Political strategist James Carville is accusing Supreme Court justices of “corruption,” singling out one “f---ing clown” in particular.
Carville, 81, railed against the Supreme Court’s conservative justices on his Politicon podcast on Thursday, a day after the court voted 6-3 along partisan lines to weaken a key provision of the Voting Rights Act restricting racial gerrymandering and racial discrimination in voting.
“These sons of b-----s were so political, so happy to help the Republican Party any way they could,” the Democratic strategist raged. “They wrote a convoluted decision that legal scholars are still trying to wander through to think what the f--- was the rationale for this.”

“We have a corrupt Supreme Court, in my opinion,” Carville said, arguing that justices face far fewer ethics requirements than most federal officials.
“There is no reason, none, that you should have any respect or any admiration for this pack of people who take money from anybody, don’t report anything, are the only nine people in the entire f---ing federal government that operates under no ethic rule,” he said.

The Supreme Court adopted its first formal code of conduct in 2023, following scrutiny of undisclosed gifts and travel by conservative justices Clarence Thomas and Samuel Alito.
But according to New York Times Supreme Court reporter Ann E. Marimow, “The information the justices are required to report is still far less than what members of Congress have to list in their disclosures.”
Another Supreme Court reporter for the Times, Abbie VanSickle, notes that “justices aren’t required to tell the public many details about the gifts, travel and conflicts they may have.”
“What do they do?” Carville continued. “They take trips. They take money. They show up at the airport, and they fly on world-class fishing trips to Alaska. They sell their houses to people for more money to practice law before the Supreme Court. Their wives work as headhunters for law firms that practice before the Supreme Court.”

Critics have raised numerous ethical concerns with the conduct of Supreme Court justices. Samuel Alito came under scrutiny following the publication of a ProPublica report of a luxury 2008 fishing vacation he took with a billionaire who had cases before the Supreme Court, and Politico reported that Neil Gorsuch sold a $1.8 million property he co-owned to a law firm executive shortly after he was confirmed as a justice in 2017.
In addition, a former colleague of Chief Justice John Roberts’ wife claimed in 2023 that Jane Sullivan Roberts received millions in commissions for placing lawyers at firms—some of which had business before the Supreme Court. At the time, Patricia McCabe, a spokeswoman for the Supreme Court, told the New York Times that its justices obeyed financial disclosure laws and were “attentive to ethical constraints.”
On his podcast, Carville focused his ire on Roberts, saying, “Way to go, John Roberts. What a f---ing clown. What a partisan hack clown.”
Pointing to alleged corruption in the White House, Carville called the United States “one of the most corrupt countries that ever existed.”

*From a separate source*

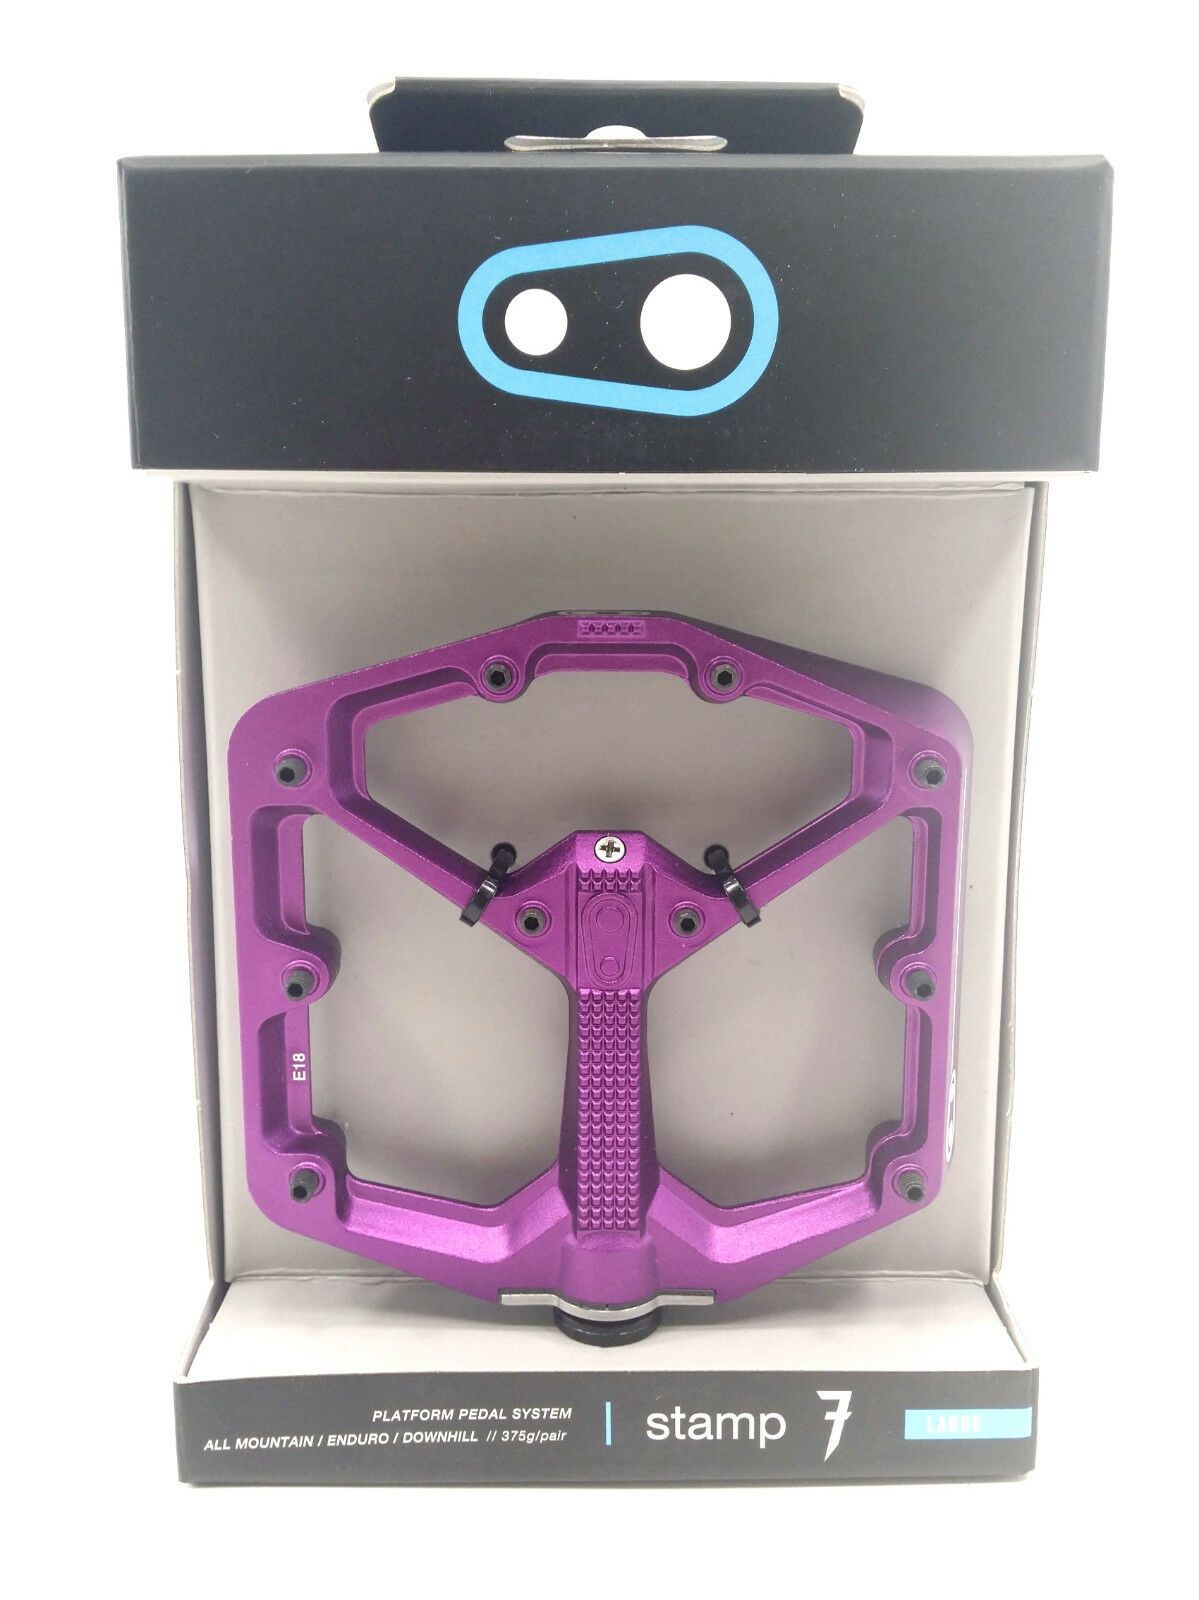 Crank Brojohers STAMP 7 Plataforma Mtb Pedales, grande, púrpura

The White House and the Supreme Court’s Public Information Office did not immediately respond to a request for comment.
Carville proceeded to restate his case for packing the Supreme Court, a proposal that sparked an attack from Trump earlier this month.
“Wacko James Carville, a so-called Democrat ‘strategist,’ wants the Democrats to make D.C. and Puerto Rico States and, most importantly, pack the Supreme Court, putting 13 Justices on the Court,” Trump wrote on April 21. “If they pull off adding these two States, these Country Destroying Sleazebags will dominate politics in America, if we even have a Nation left, for 100 years (TERMINATE THE FILIBUSTER!).”